4. Insurance companies come up with what they call ‘usual and customary’ fees by surveying the fees from a geographic area, including the government-funded dental clinics, and using 50-70% of that fee. Because the survey includes the fees from the government-funded clinics (and managed care clinics), the true usual and customary fees of private dental offices appear higher.
5. Insurance plans usually do not pay out for the most routine dental needs. If you have an infected tooth, and you try to salvage that tooth, insurance will tell you it is major expense. If you have missing teeth and want to get a prosthetic to help you eat, insurance considered that a major expense. By ‘major expense’ they mean that you are required to get their approval first whether they will pay for it or not. They will decide if the treatment is necessary for you as you and your doctor say. In some cases, it means forcing you to stay in pain while they take 2-4 weeks to look over your X-Rays and decide to ‘approve’ the treatment or not. The sad fact: Due to this, many, many patients had lost their teeth unnecessarily over the past decades.
6. Insurance will ‘not allow’ the latest technology and material to be used in restoring your dental health: white fillings for your back teeth, porcelain crowns on your back teeth, implants for your missing tooth, implant-retained dentures for those who had no bone left, etc.
7. In past two years, insurance companies started selling “discount plans” where they do not pay for any of your dental treat at all. They charge you a fee so that you can have the list of dentists who were in their network. You still have to pay for everything out of your pocket, including exam, and cleaning.
8. If you have two dental insurance, it does not mean you have no out-of-pocket expense.

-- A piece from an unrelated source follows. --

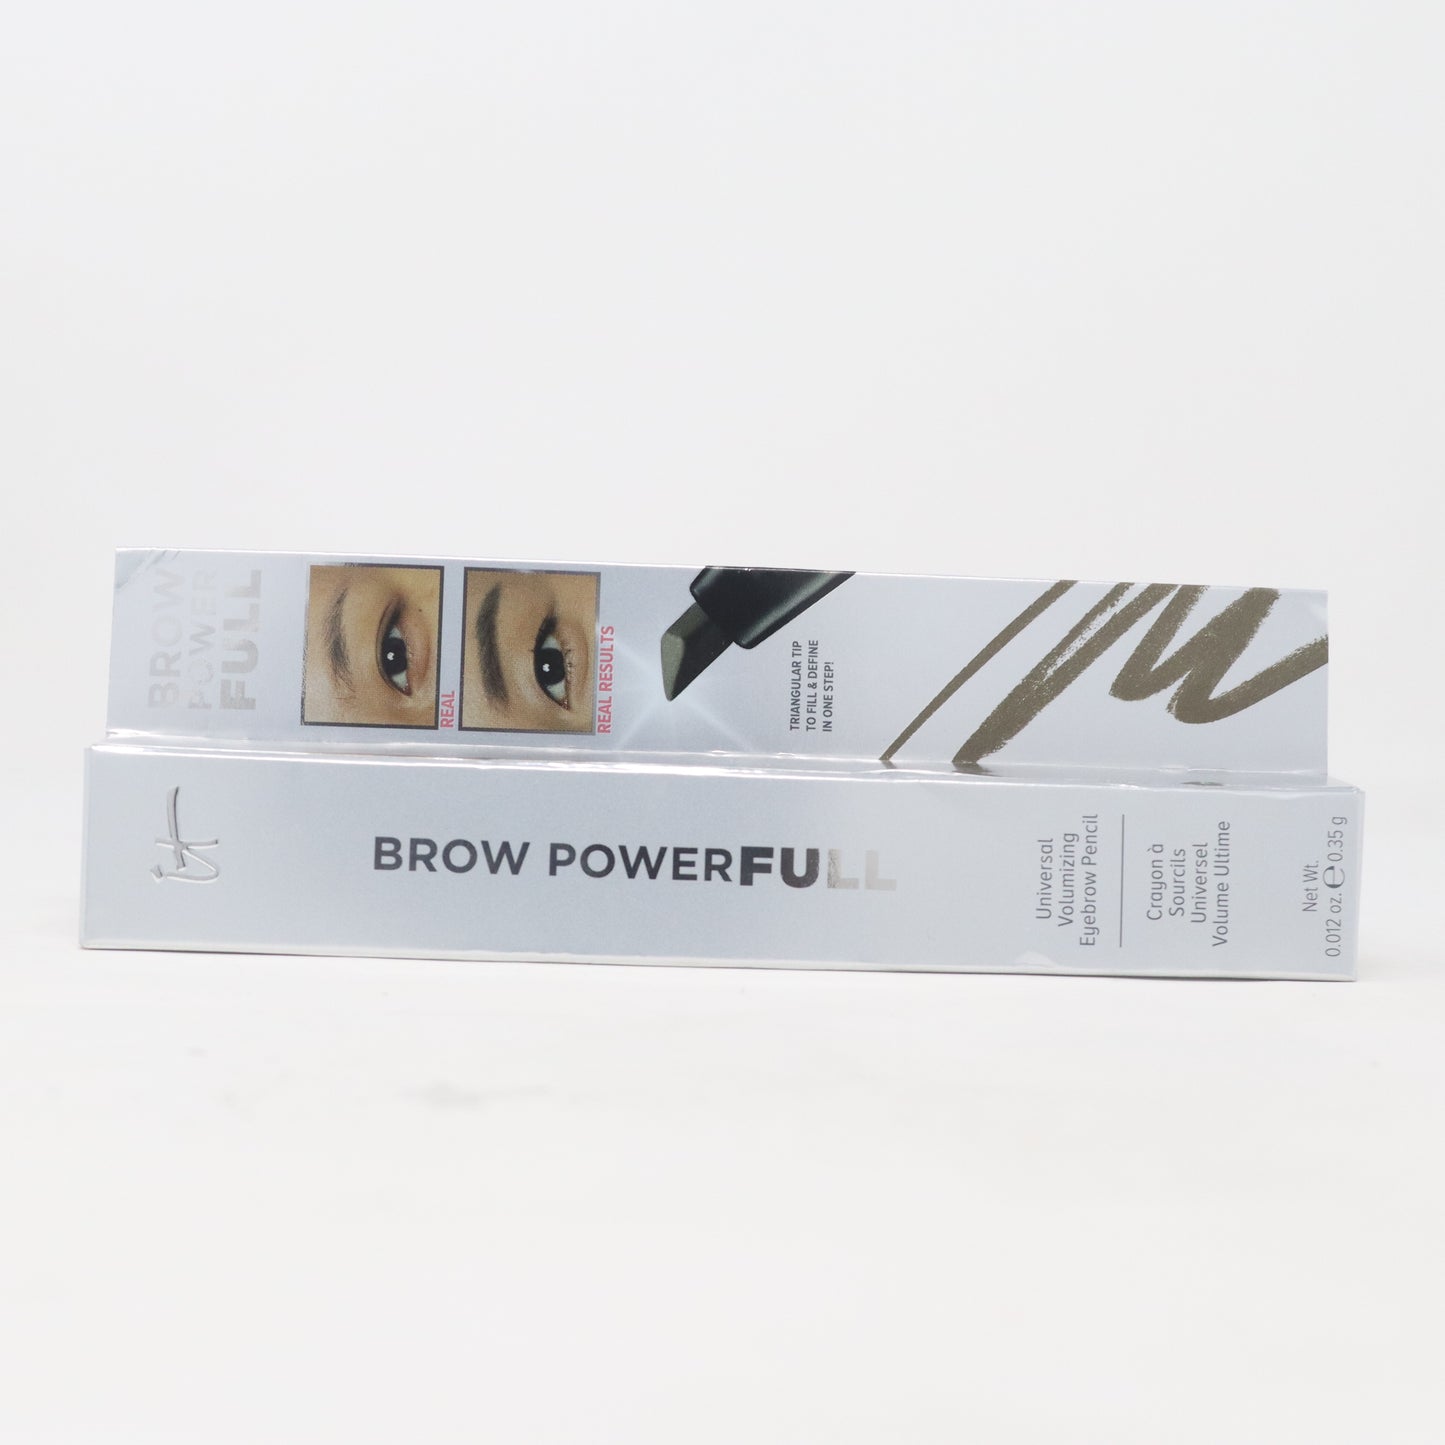 Brow Powerful Eyebrow Pencil 0.35 g

On the contrary, you still have out-of-pocket expense 99.99% of the time after the secondary insurance pays out. There are times when the secondary insurance will pay nothing out on your treatment but reduces your annual benefit with the secondary insurance by the amount the primary insurance paid out.

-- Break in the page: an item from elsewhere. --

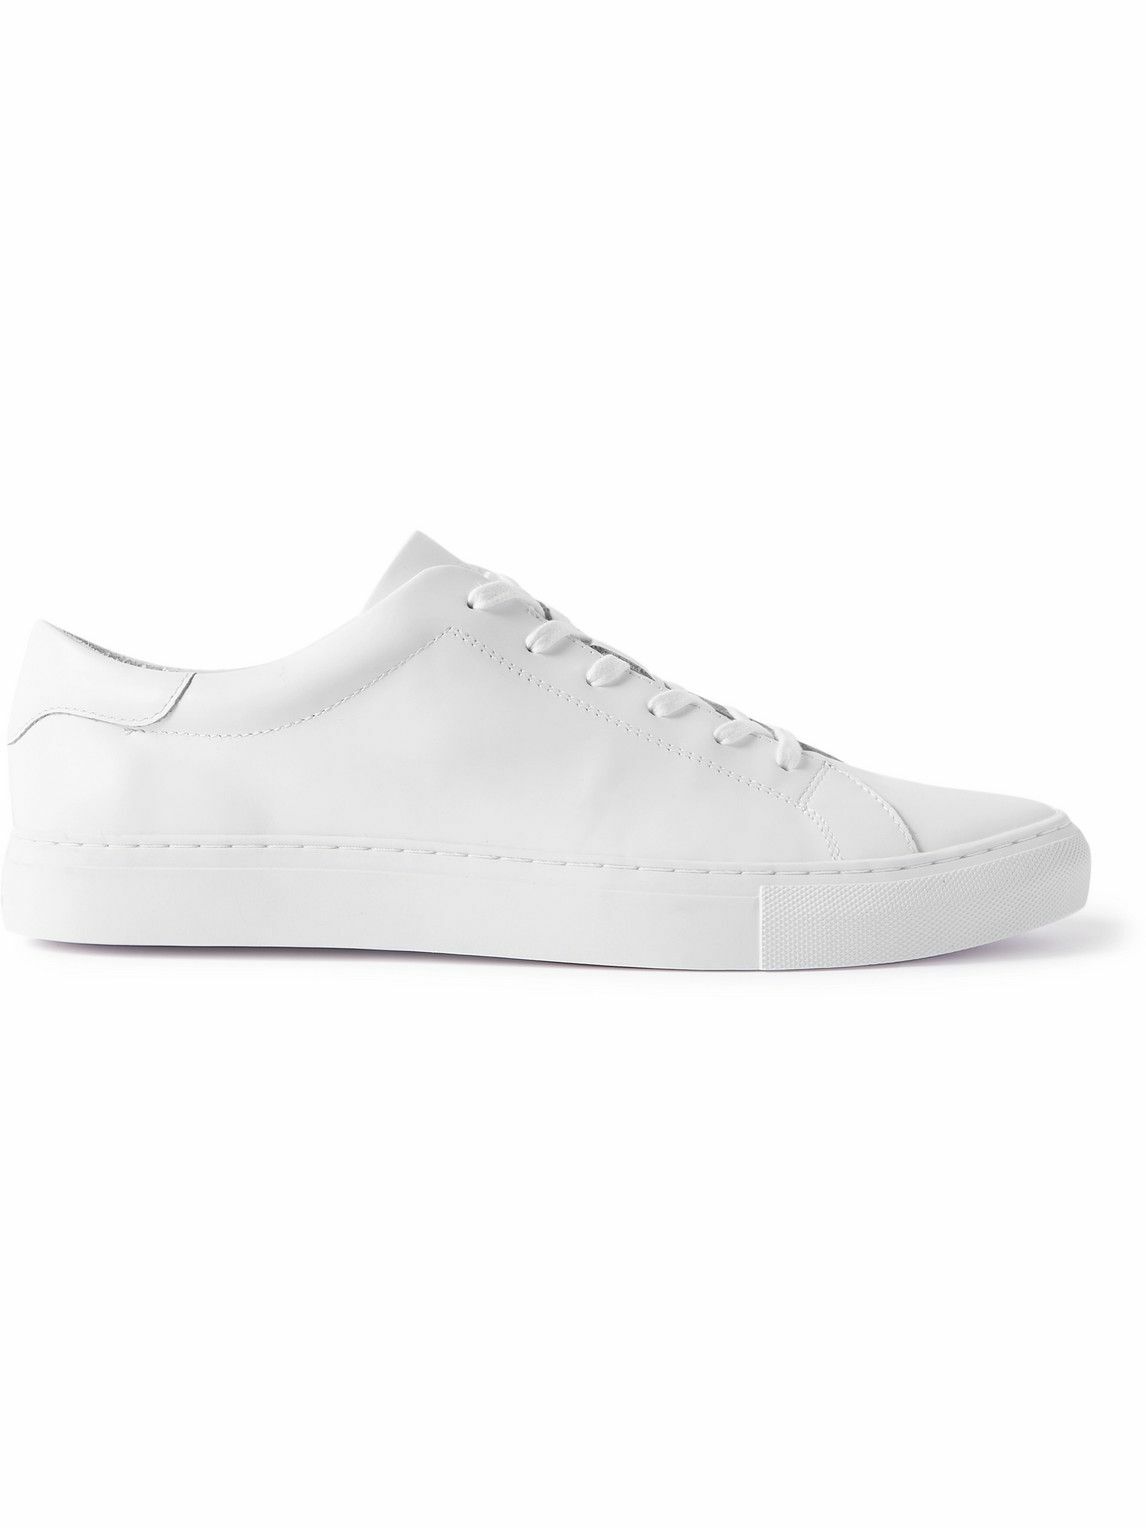 Photo: Polo Ralph Lauren - Jermain II Leather Sneakers - White

Dr. Young's main mission is to deliver the most comprehensive and high quality dental treatment to all her patients. Over the past several months, it became apparent that continuing to participate with PPO dental insurance does not allow Dr. Young to provide the same quality and standard that her patients deserve and had come to expect. Dr. Young will continue to file your claims for you electronically free of charge so you can receive your reimbursement quickly. However, the responsibility for the cost the treatment with Dr. Young will rest solely on her patients. Dr. Young will continue to establish her fees fairly.
Dr. Young does not "match" the fees of other dental offices to have anyone become her patient, nor will she compete with other dental offices, because it is an unethical practice for a doctor. Such practice underminds the sacred trust between a doctor and her patients.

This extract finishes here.